There are two classes of skills that a successful data analyst has: both soft and technical skills. The core work flow for a data analyst is several fold. Once a problem has been defined, and a hypothesis is to be tested, the data must be drawn out and then analyzed. The resulting analysis is written up and communicated to the interested stake holder. In order to do this there are several hard and soft skills that are required. Technical Skills: 1. A basic knowledge of statistics to a rigorous understanding of Machine Learning. Most consumers of analysis will not look at more than descriptive analysis (means, medians, significance). 2. Computer skills that are useful are a Querying Language (SQL,Hive,Pig), a scripting Language (Python,Matlab), a Statistical Language (R, SAS, SPSS), and a Spreadsheet (Excel). Soft Skills 1. Defining the problem and narrowing the analysis down often requires a lot of soft skills. Balancing the demands on your time to reduce infinite what-if scenarios and understanding the requestors needs requires good communication and understanding of the business needs. Avoid agreeing to delivering too much information that will be not useful to solving the core issues. 2. Knowing the audience. There is a different presentation required for a PM or a CEO. As a Data Analyst, you will be often required to answer to both.
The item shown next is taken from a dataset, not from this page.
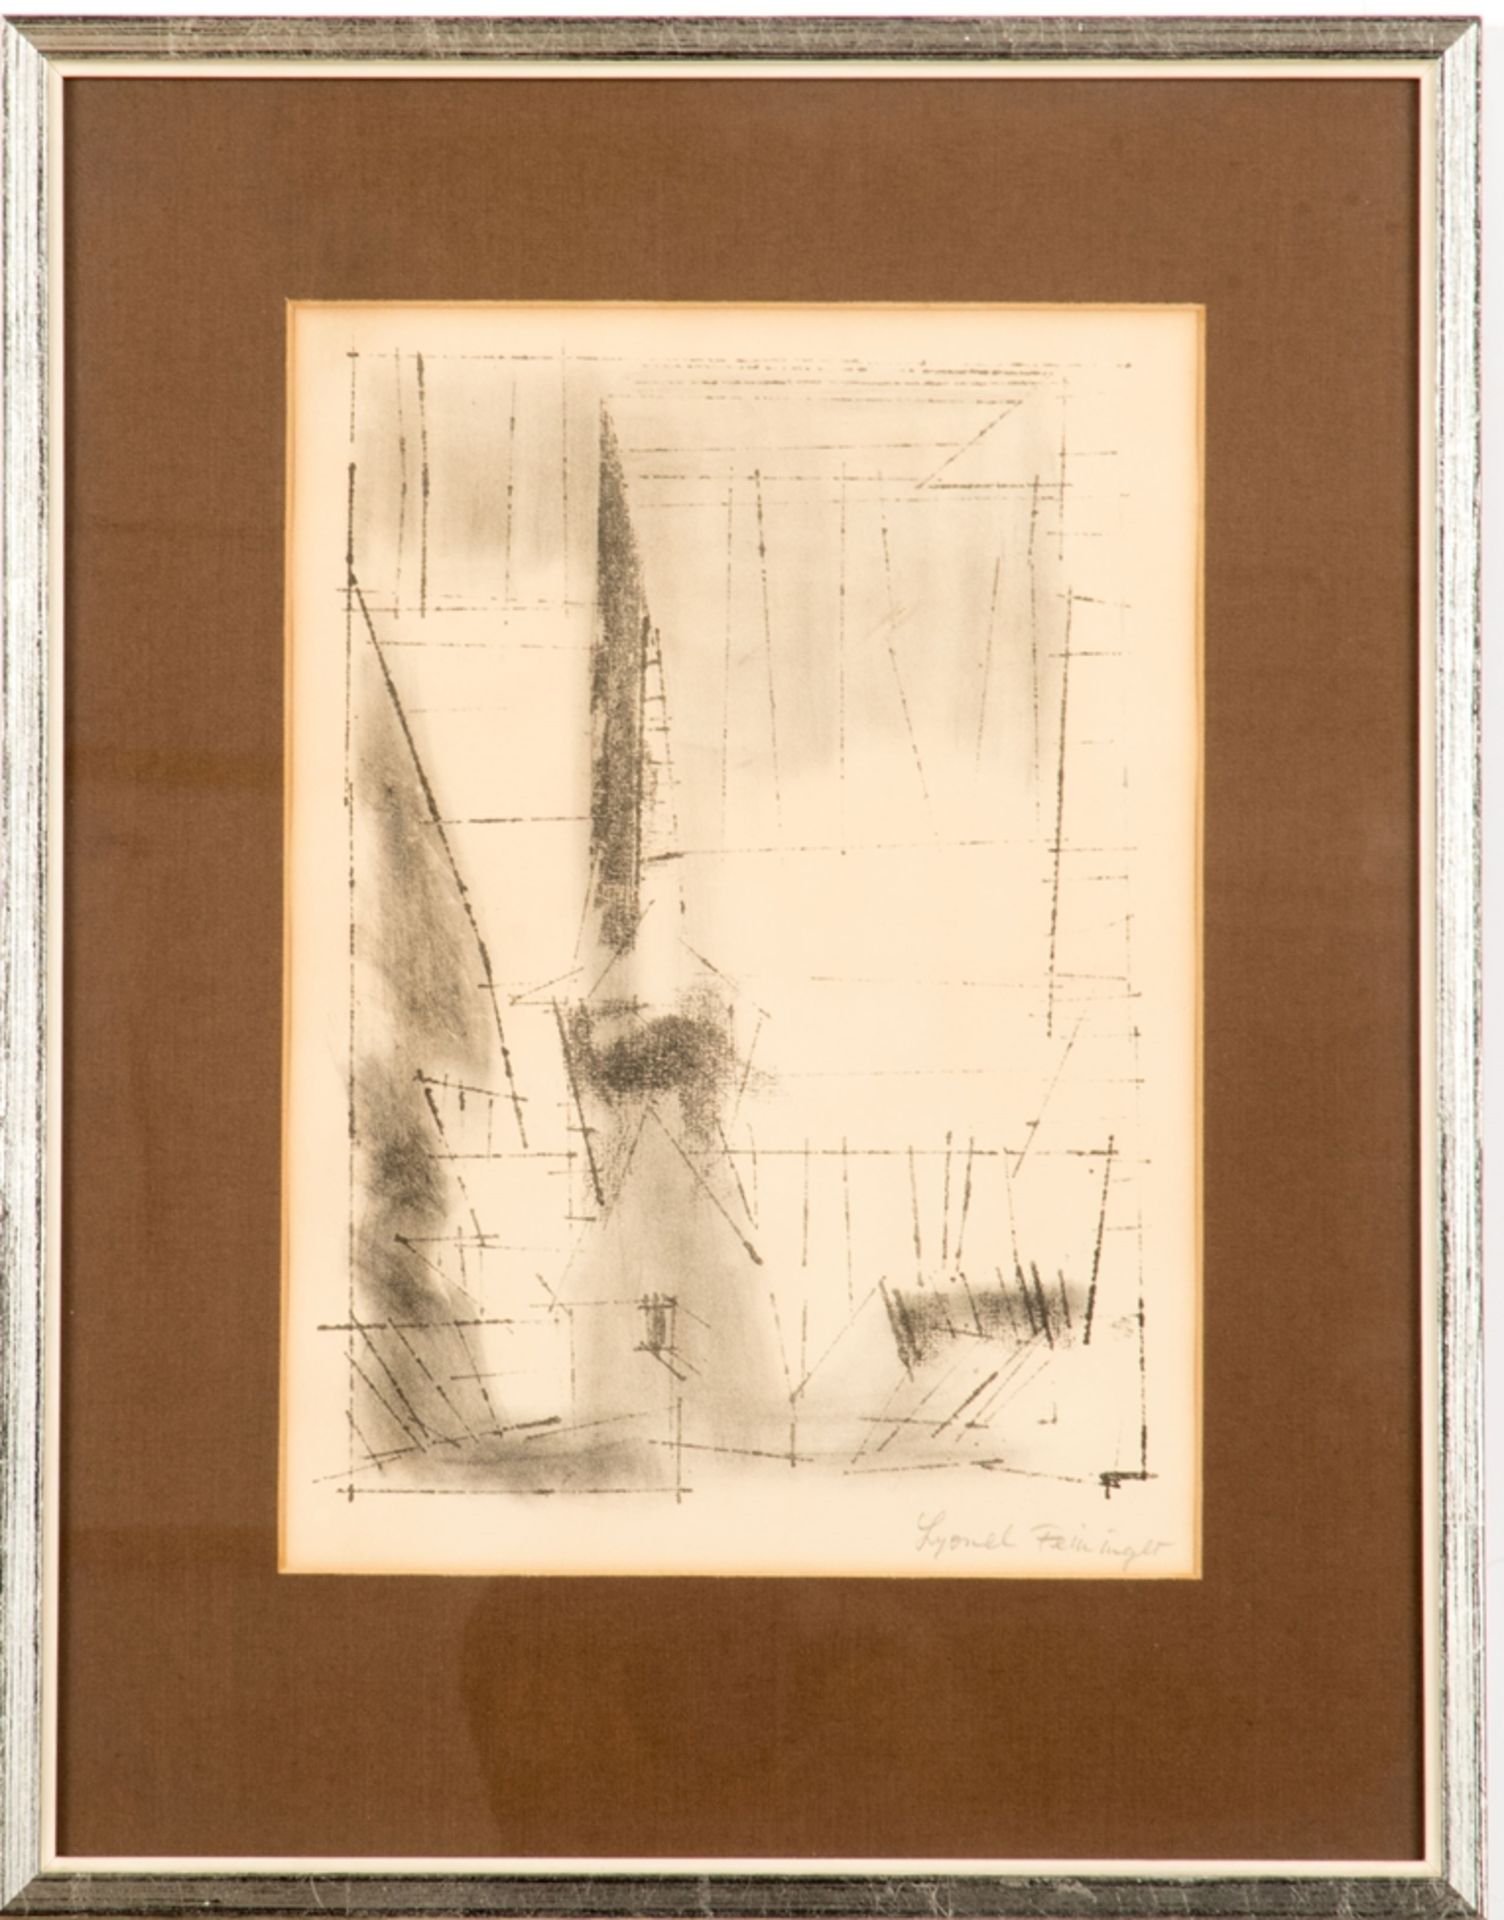 Feininger, Lyonel (1871-1956)

A typical PM will want a more collaborative interaction with more scenarios spelled out and a less polished presentation. A CEO will often be looking for a specific recommendation in a small polished presentation. 3. Delivery. Having a wonderfully accurate predictive model, that has been backtested to deliver a low RMSE, or an AB test that can increase conversion 15% without reducing sales price are all great results. However, without a great presentation key findings may be left out of product road maps and in the backlog for months or years.